For the reaction VII involving PhCl activation, the theoretically predicted ALS range for PhCl is from 15 to 35 kJ mol⁻¹ (Fig. 3b), located in the higher ΔE_rep(L) region relative to the ALS of p-CF₃-PhCl. This suggests a weaker M–R interaction and thus a reduced pool of active P-ligands for PhCl compared to p-CF₃-PhCl. A subset of 19 commercial P-ligands fall within the ALS of PhCl (Table S5†), and 17 of them are then verified through experiments (Fig. S5†). Among them, we identify three P-ligands with high catalytic performance with product yields exceeding 94% after 2 hours of reaction time. Again, the cost-efficient Ph-XPhos ligand emerges as a frontrunner, exhibiting a TOF of approximately 16 h⁻¹, notably higher than that of known catalysts (Table S4†). We emphasize that the Ph-XPhos ligand shows consistently high yields across broad aryl chloride substrates with diverse functional groups (Fig. S6†) which ranks top among known catalysts (Table S6†).

To further understand the detailed structural evolution of metal Pd during the reaction, the ³¹P nuclear magnetic resonance (NMR) spectrum is used to characterize the electron structure variation of P-ligands. We selected the best P-ligand for reactions VI and VII, Ph-XPhos, to demonstrate the structural changes of metal Pd during the activation process of PhCl. As shown in Fig. S7,† the ³¹P NMR spectrum of Ph-XPhos shows a chemical shift at −18 ppm, indicating the initial state of the P-ligand.
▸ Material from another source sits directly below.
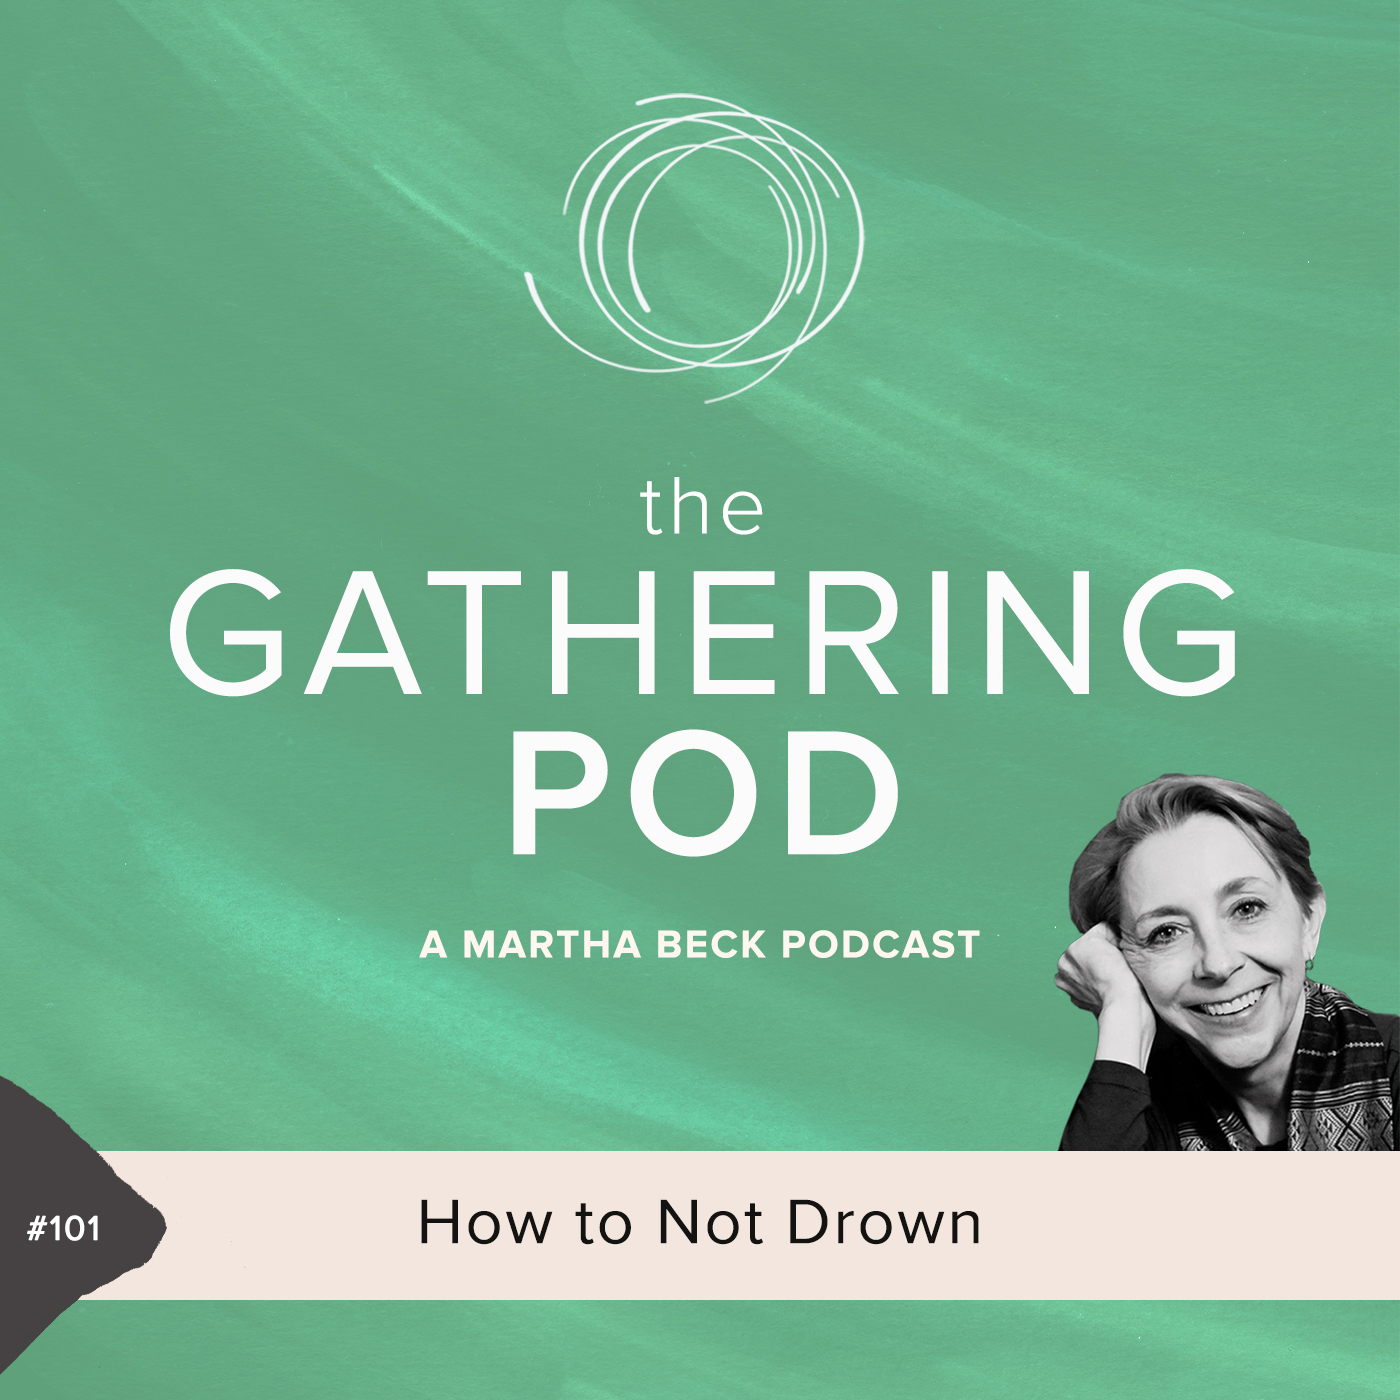 Image for The Gathering Pod A Martha Beck Podcast Episode #101 How to Not Drown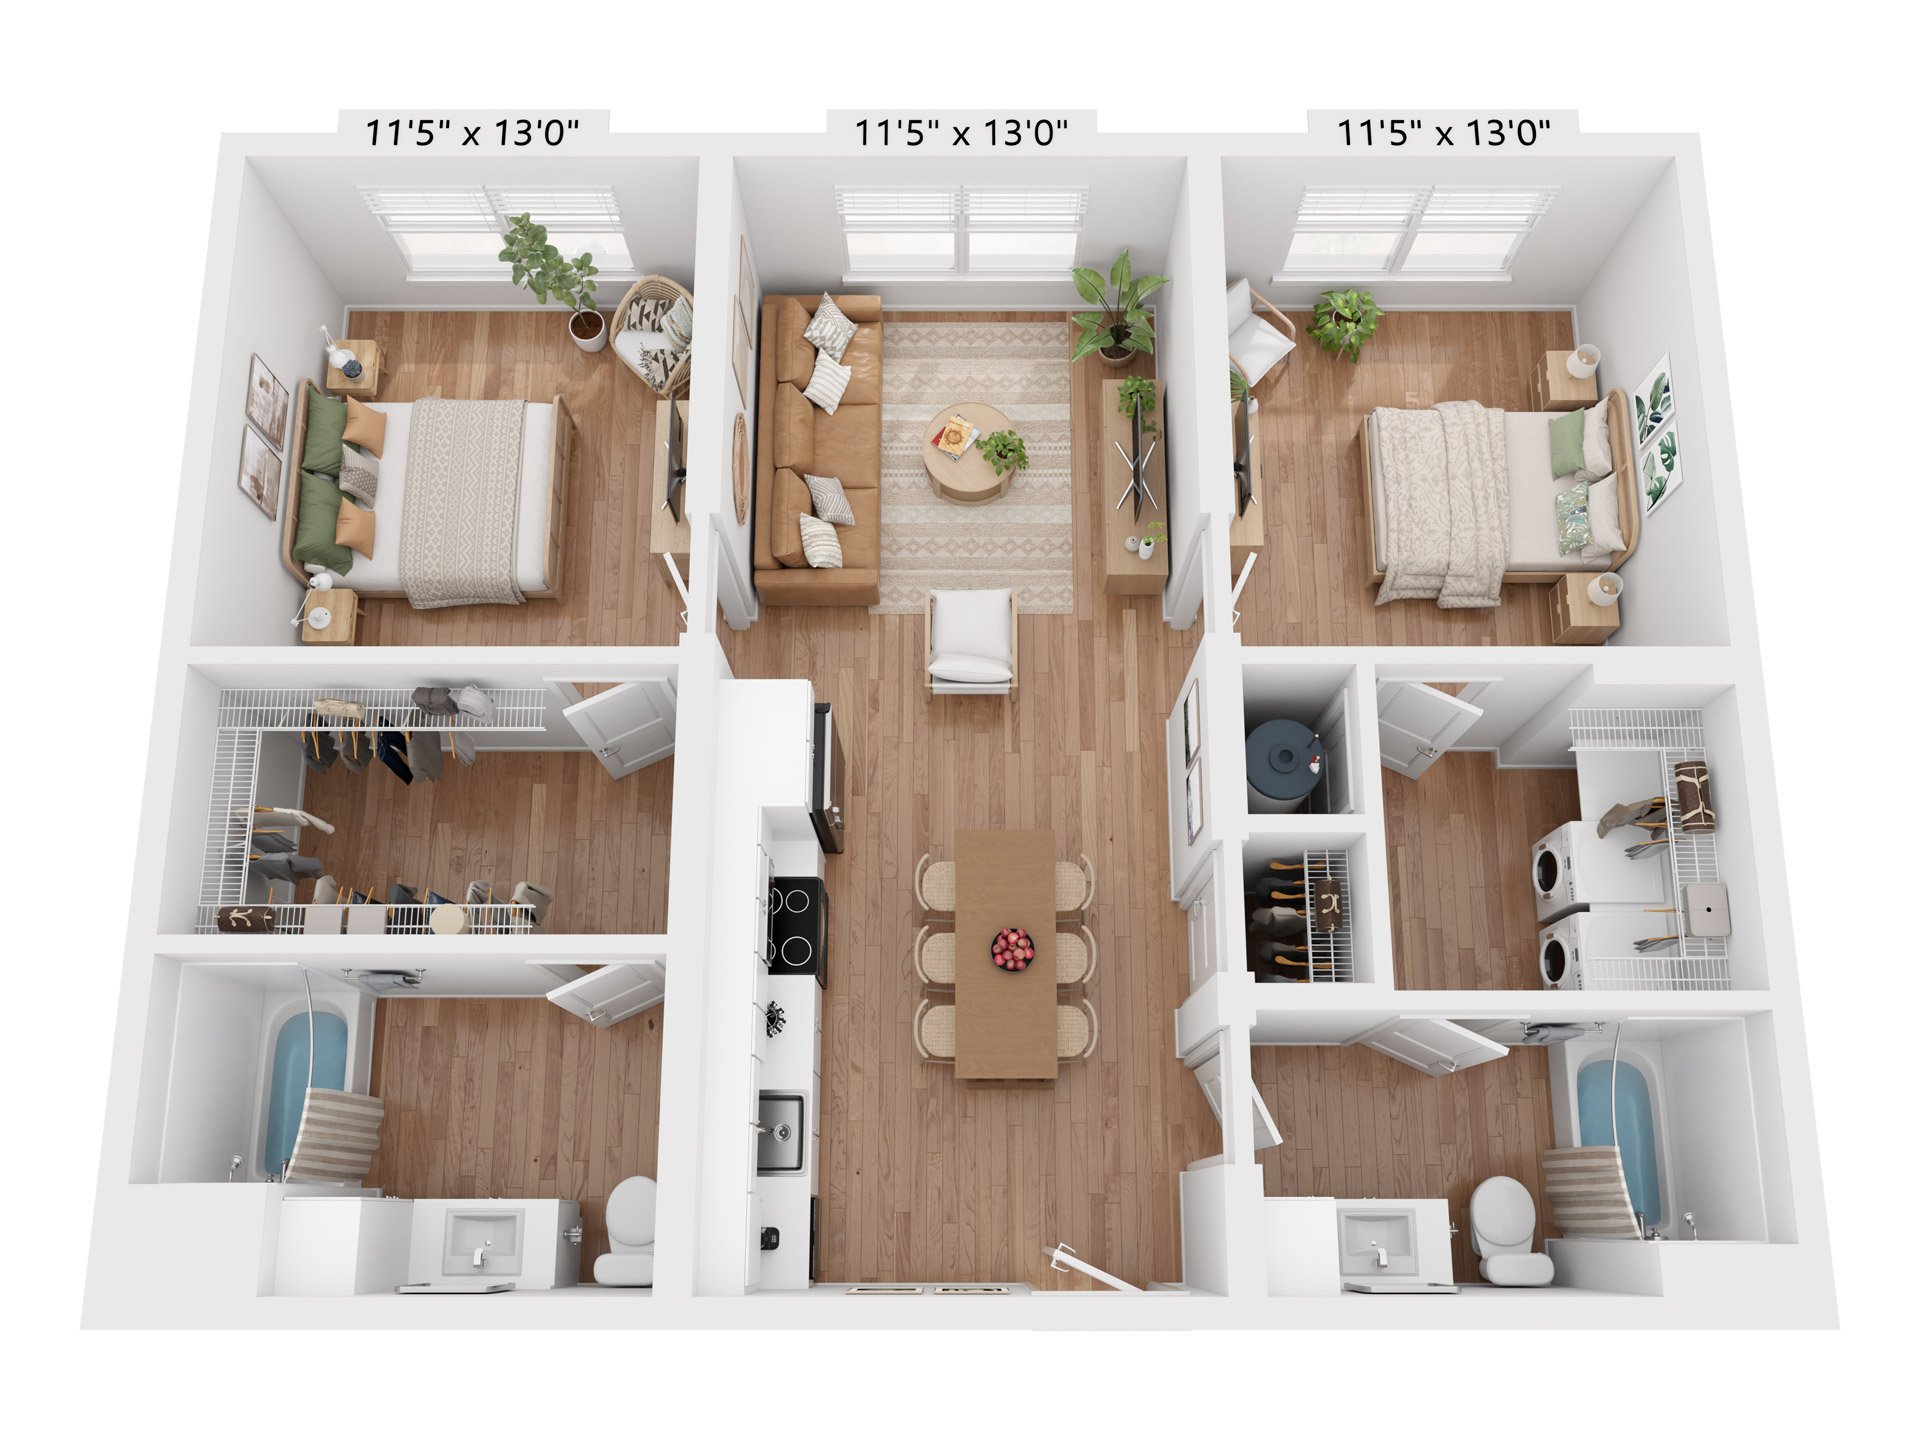 Floor plan map for a two bedroom apartment at Ltd. Findlay in Coraopolis, PA, featuring rooms with dimensions.

Upon adding metal Pd to the solution, a new peak appears at 18 ppm in the ³¹P NMR spectrum. This shift confirms the formation of the Pd–L_P complex, where Ph-XPhos bonds with the Pd atom. Introducing the PhCl reactant into the solution at room temperature does not cause any change in the ³¹P NMR spectrum, which remains at 18 ppm. This observation indicates that PhCl does not interact with the Pd atom under these conditions. When the solution with PhCl is heated to 100 °C for 1 hour, a new peak emerges at 36 ppm, and the original peak at 18 ppm disappears. This significant shift demonstrates that PhCl is activated by the Pd–L_P catalyst, resulting in the formation of the Ph–Pd–(Cl)–L_P complex. These experimental results clearly show the structural evolution of the Pd–L_P catalyst during the activation of PhCl, which is consistent with the observations on Ni-catalyzed C–C coupling and Pd-catalyzed direct arylation reactions with aryl chlorides.^55,56

We note that ligands with identical binding strengths to the metal can exhibit vastly different catalytic performance. For example, the P[Tol]₃ and L8 ligands both have a ΔE_rep(L) value of 13.5 kJ mol⁻¹ but result in vastly different product yields of 1% and 98% for reaction VI, respectively. This suggests that the complexity of catalysis activity cannot be simply described by a single ΔE_rep(L) parameter. To take into account more ligand properties, we have tentatively incorporated geometrical factors in our ligand design, such as the V_bur descriptor for the steric effect as utilized in the literature.⁵ Interestingly, by using the V_bur threshold larger than 32% as a criterion to screen for a valid catalyst, we found that the success rates can further increase to ∼60% and 25% for reactions VI and VII, respectively (Fig. S8 and Tables S3 and S4†). This indicates that the geometrical factor is indeed important for the activity of some P-ligands. However, it is important to recognize that the V_bur descriptor thresholds, e.g. 32%, are empirically derived from experimental data, which limits their predictive capability prior to experimental validation. In contrast, our ΔE_rep(L) energy descriptors do not depend on experimental data and can be utilized for pre-screening purposes before conducting actual experiments. Therefore, the other descriptors can act as key complements after the ALS-guided ligand screening. By considering both the binding strengths and steric conformations of ligands, one can gain a deeper understanding of the catalyst and make better decisions to design better ligands for catalytic applications.

Discussion

As illustrated in Fig. 4a, a violin sequence diagram illustrates the relationship between ΔE_rep(L) and different types of substitution groups. Each violin bar represents the distribution of ΔE_rep(L) values for P[G_a]₃ ligands with the same type of substitution group. Four categories of substitution groups –C_sp³R alkyl, –C_sp²R aryl, –OR alcohol, and –NR₂ amino are classified. These four categories of substitution groups exhibit distinct distributions. Alkyl groups predominate in regions of strong M–L_P interactions (ΔE_rep(L) = −40 to 15 kJ mol⁻¹), whereas aryl groups are more prevalent in areas with weaker M–L_P interactions (ΔE_rep(L) = −10 to 60 kJ mol⁻¹). Alcohol and amino groups, in contrast, occupy intermediate small regions with the ΔE_rep(L) range of approximately −13 to 10 kJ mol⁻¹ and −5 to 25 kJ mol⁻¹, respectively.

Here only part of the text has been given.